Если ей было нужно новое платье на свадьбу двоюродной сестры и она просила у мужа три тысячи риалов, тот обретал любой повод, чтобы только отказать: «У тебя и так много платьев!», «Я ведь купил тебе новое полгода назад!», «Мне самому не хватает денег, ступай и попроси у отца. Он то и дело дарит твоим братьям новые машины. Неужели родители выдали тебя замуж лишь затем, чтобы ты перестала докучать им своими дурацкими просьбами?» Эти жестокие слова неизменно отбивали у Хессы охоту к тем вещам, которые были ей нужны. В редких случаях, когда Халид раскошеливался, она получала пятьсот риалов вместо трех тысяч и пятьдесят вмести пятисот. По каким-то непонятным причинам Ум Халид поощряла сына. Эта «язва» (так Хесса прозвала свекровь) была буквально в восторге от того, что ее сын настолько прижимист. Так и должен поступать настоящий мужчина. Именно таким образом отец Халида обращался с ней все эти годы.
Гамра сильно страдала после развода с Рашидом. Хотя Садим и рассказала подруге, насколько мучительным был ее официальный разрыв с Валидом, девушку переполняло горе, к которому она оказалась совершенно не готова. Хуже всего было ночью. После возвращения домой Гамра спала не более трех часов в сутки, хотя незадолго до свадьбы ей ничего не стоило проспать десять, а то и двадцать. Теперь она просыпалась, мучимая скорбью и той самой «эмоциональной нестабильностью», о которой часто говорили ее незамужние подруги. Пока Рашид не ушел, Гамра даже не подозревала, что он так для нее важен.
Лежа в постели, она вытягивала ноги, убеждалась, что мужа нет рядом, и начинала беспокойно ворочаться. Гамра читала суру из Корана и все молитвы на ночь, какие только помнила, а потом засыпала, вытянувшись по диагонали — головой в правый верхний угол кровати, ногами в левый нижний. Только так можно было заполнить огромную пустоту постели. Крошечную часть той черной дыры, которую Рашид оставил в ее жизни.
ПИСЬМО 17
Кому: [email protected]
От кого: «seerehwenfadha7et»
Дата: 4 июня 2004 г.
Тема: Мне нужна другая страна
Разве мы не раскрыли тебе твою грудь и не сняли с тебя, твою ношу, которая тяготила твою спину, и не возвысили твои воспоминания? Ведь, поистине, с тягостью легкость, поистине, с тягостью легкость!
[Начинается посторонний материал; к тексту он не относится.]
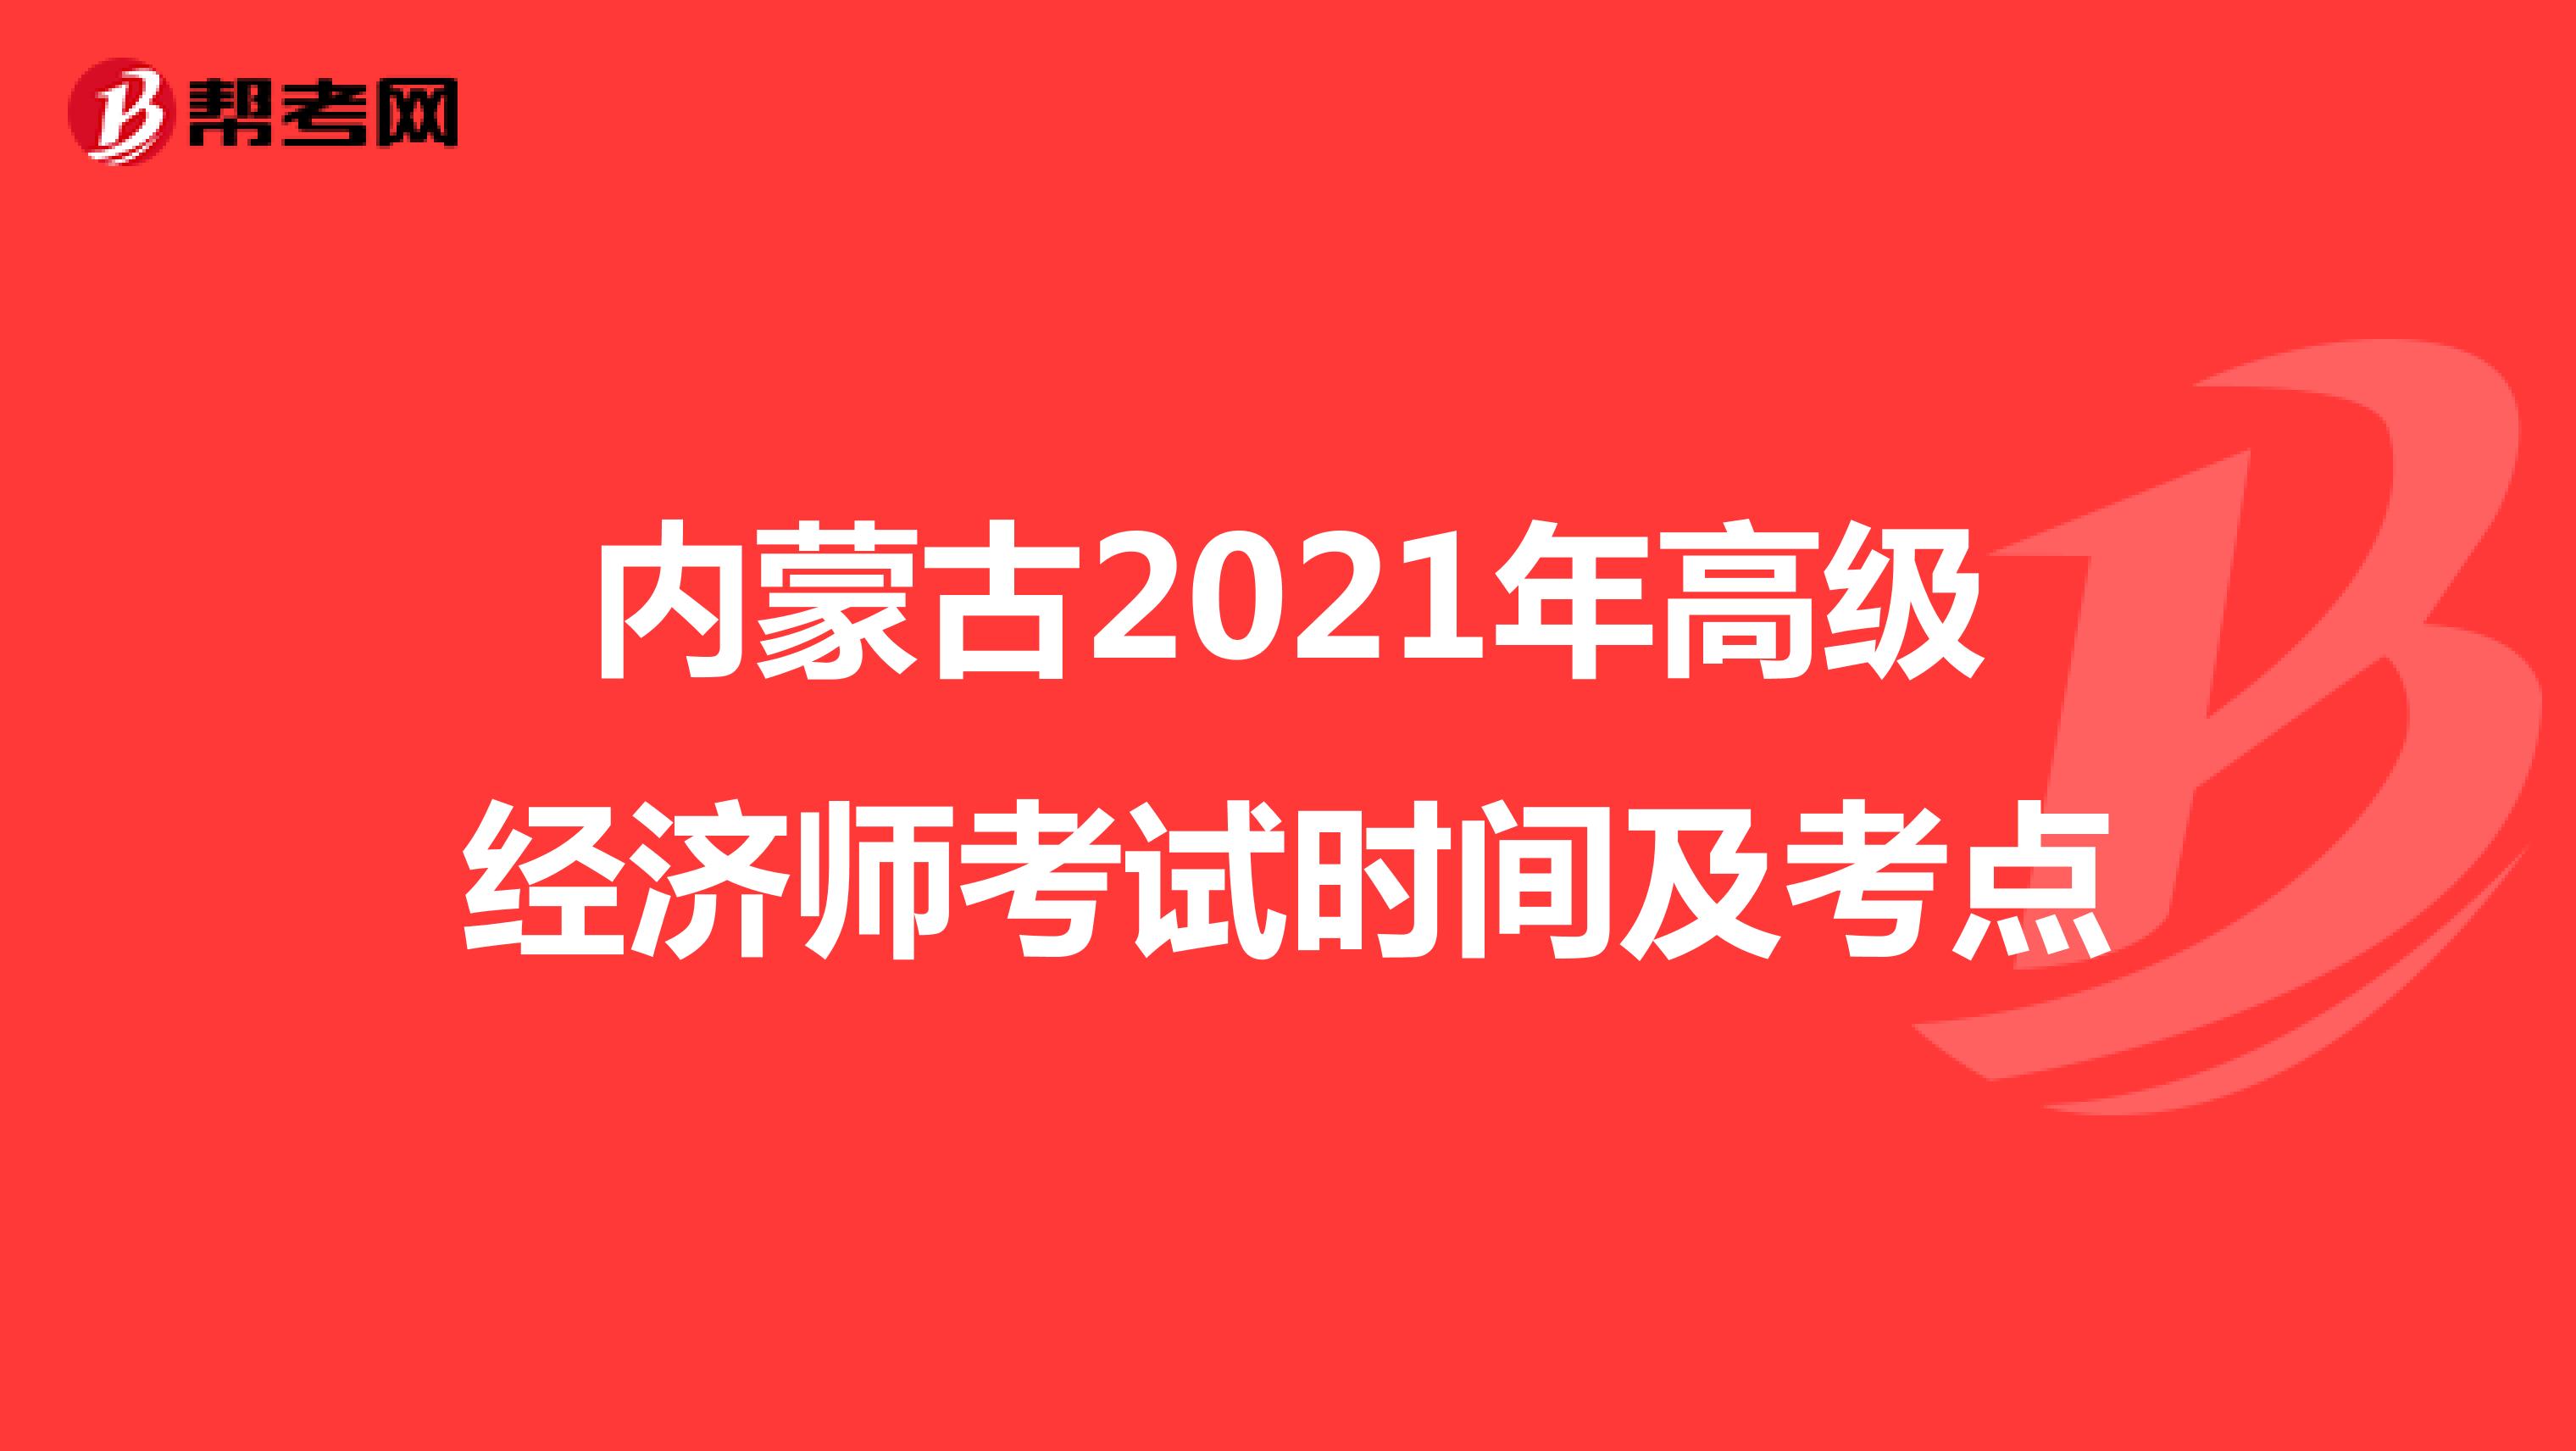 内蒙古2021年高级经济师考试时间及考点

В последнее время я прочитала несколько статей о себе точнее, о своем проекте. Крупнейшие национальные газеты пишут о «невероятной шумихе, за которой стоит безымянная молодая женщина, каждую пятницу рассылающая письма огромному количеству интернет-пользователей в Саудовской Аравии, в письмах она рассказывает истории своих четырех подруг — Гамры аль-Касманджи, Садим аль-Хораимли, Ламис Джиддави и Мишель аль-Абдулрахман. Эти девушки принадлежат к высшим слоям общества, к элите, чья жизнь обычно остается тайной для всех, кроме узкого круга. Каждую неделю автор раскрывает новые волнующие подробности, заставляя все расширяющийся круг своих читателей с нетерпением дожидаться вечера пятницы. Субботним утром все государственные учреждения, залы совещаний, больничные коридоры и школьные аудитории превращаются в арену дебатов. Одни поддерживают автора, другие критикуют, третьи считают происходящее абсолютно естественным, а четвертые ревут от ярости, когда на их глазах совершается „преступление“ против нашего консервативного общества.
Каким бы ни был итог — несомненно, эти странные и необычные письма произвели фурор в стране, которая прежде не переживала ничего подобного. Ясно, что еще долго они будут снабжать нас пищей для разговоров и пересудов, даже когда повесть подойдет к концу».
Садим начала нравиться работа в банке. С ней обращались вежливо и уважительно. Она была младшей среди своих коллег, и те охотно отвлекались от дел, чтобы предложить девушке помощь или совет. Особенно приятно ей было общаться с пакистанцем Таиром, самым веселым и добродушным из всех.
Работа оказалась вовсе не трудной. В обязанности Садим входило принимать посетителей и помогать им в заполнении документов, а также разбирать бумаги.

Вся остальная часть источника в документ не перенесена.